Slices is an AT Protocol (ATProto) indexing and querying service that allows
developers to create custom slices (subsets) of the ATProto network data. It
indexes records from the Bluesky/ATProto network via Jetstream, validates them
against Lexicon schemas, and provides flexible querying capabilities through an
XRPC API.

## Development Setup

### Database Connection

The application uses PostgreSQL. You can connect to the database using:

1. **Docker Compose** (recommended for local development):
   ```bash
   docker-compose up postgres
   ```
   This starts PostgreSQL on port 5432 with:
   - Database: `slices`
   - User: `slices`
   - Password: `slices`

2. **Environment Variables** (.env file): Create an `api/.env` file (copy from
   `api/.env.example`):
   ```
   DATABASE_URL=postgresql://slices:slices@localhost:5432/slices
   SYSTEM_SLICE_URI=at://did:plc:bcgltzqazw5tb6k2g3ttenbj/network.slices.slice/3lymhd4jhrd2z
   AUTH_BASE_URL=http://localhost:8081
   RELAY_ENDPOINT=https://relay1.us-west.bsky.network
   PROCESS_TYPE=all  # Optional: all (default), app, worker
   ```

### Process Types

The application supports running different components in separate processes for better resource isolation and scaling:

- `all` (default): Everything (HTTP API + Jetstream + sync workers)
- `app`: HTTP API server + Jetstream real-time indexing
- `worker`: Background sync job processing only

Set via `PROCESS_TYPE` environment variable (or `FLY_PROCESS_GROUP` on Fly.io).

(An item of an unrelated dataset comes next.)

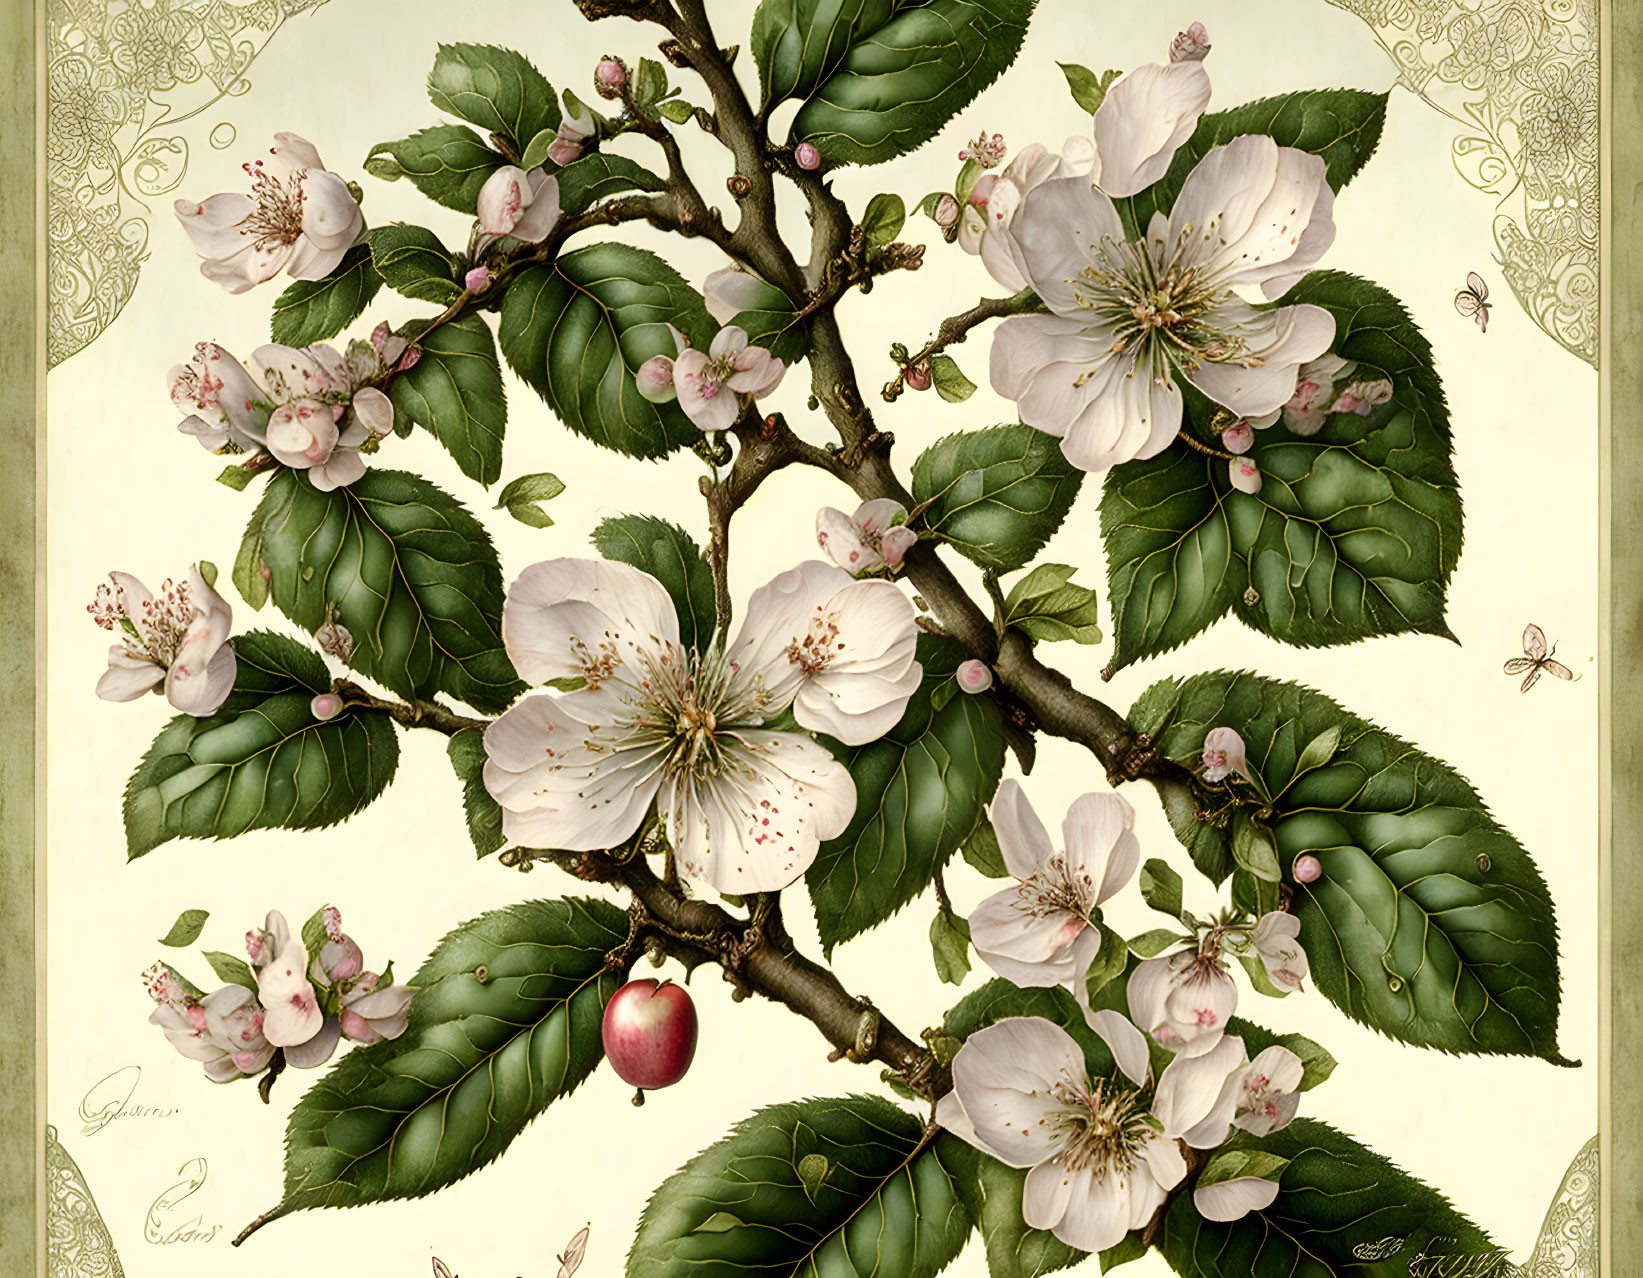 Detailed Vintage Botanical Illustration of Apple Tree Branch in Bloom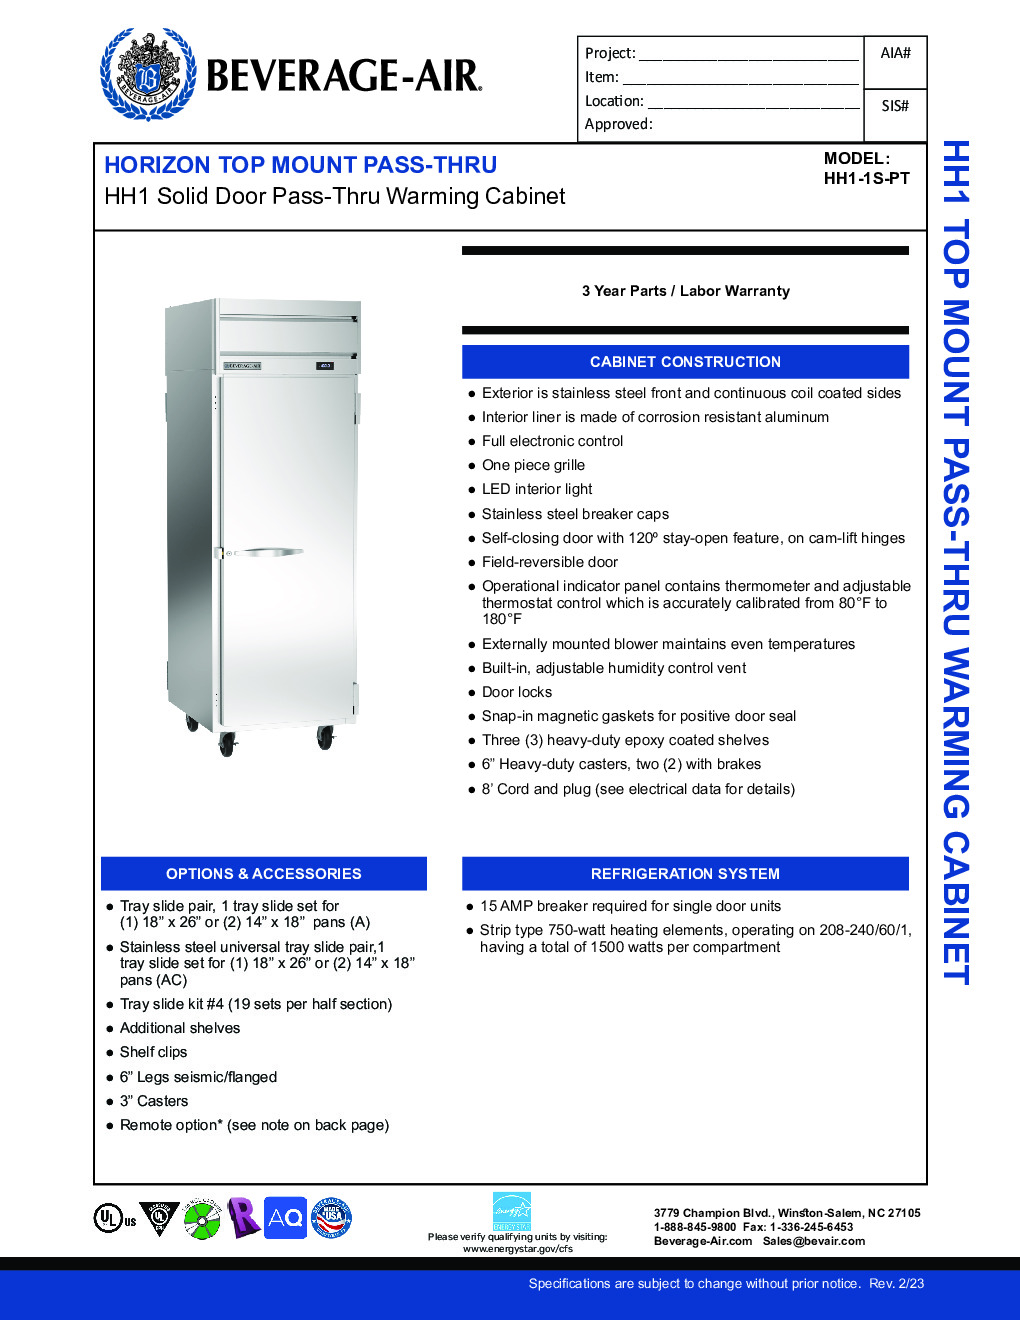 Beverage Air HH1-1S-PT Pass-Thru Heated Cabinet

## Common Development Commands

```bash
# Type checking and validation
cargo check

# Run development server
cargo run

# Run sync script
./scripts/sync.sh http://localhost:3000 <token>           # Local dev
./scripts/sync.sh https://api.slices.network <token>     # Production

# Database setup
sqlx database create

# Database migrations
sqlx migrate run
sqlx migrate add <migration_name>

# sqlx query cache (run after changing queries)
cargo sqlx prepare

# Build for production
cargo build --release
```

## High-Level Architecture

### Data Flow

1. **Real-time Indexing:** Jetstream → JetstreamConsumer → Lexicon Validation →
   Database → Index
2. **XRPC Query:** HTTP Request → OAuth Verification → Dynamic Handler →
   Database Query → Response
3. **Background Sync:** Trigger → Job Queue → SyncService → ATProto Relay →
   Validation → Database

### Key Architectural Decisions

- **Single-table design** for records using PostgreSQL with JSONB for
  flexibility across arbitrary lexicons
- **Dynamic XRPC endpoint generation** - routes like
  `/{collection}.createRecord` are generated at runtime
- **Dual indexing strategy** - real-time via Jetstream and bulk sync via
  background jobs
- **Cursor-based pagination** using `base64(sort_value::indexed_at::cid)` for
  stable pagination
- **OAuth DPoP authentication** integrated with AIP server for ATProto
  authentication
- **Multi-tier caching** with Redis (if configured) or in-memory fallback for
  performance optimization

### Module Organization

- `src/api/` - HTTP handlers for XRPC endpoints (actors, records, oauth, sync,
  etc.)
- `src/main.rs` - Application entry point, server setup, Jetstream startup
- `src/database.rs` - All database operations, query building, cursor pagination
- `src/jetstream.rs` - Real-time event processing from ATProto firehose
- `src/sync.rs` - Bulk synchronization operations with ATProto relay
- `src/auth.rs` - OAuth verification and DPoP authentication setup
- `src/cache.rs` - Generic caching interface and in-memory cache implementation
- `src/redis_cache.rs` - Redis cache implementation for distributed caching
- `src/errors.rs` - Error type definitions (reference for new errors)

## Error Handling

All error strings must use this format:

    error-slices-<domain>-<number> <message>: <details>

Example errors:

- error-slices-resolve-1 Multiple DIDs resolved for method
- error-slices-plc-1 HTTP request failed: https://google.com/ Not Found
- error-slices-key-1 Error decoding key: invalid

Errors should be represented as enums using the `thiserror` library when
possible using `src/errors.rs` as a reference and example.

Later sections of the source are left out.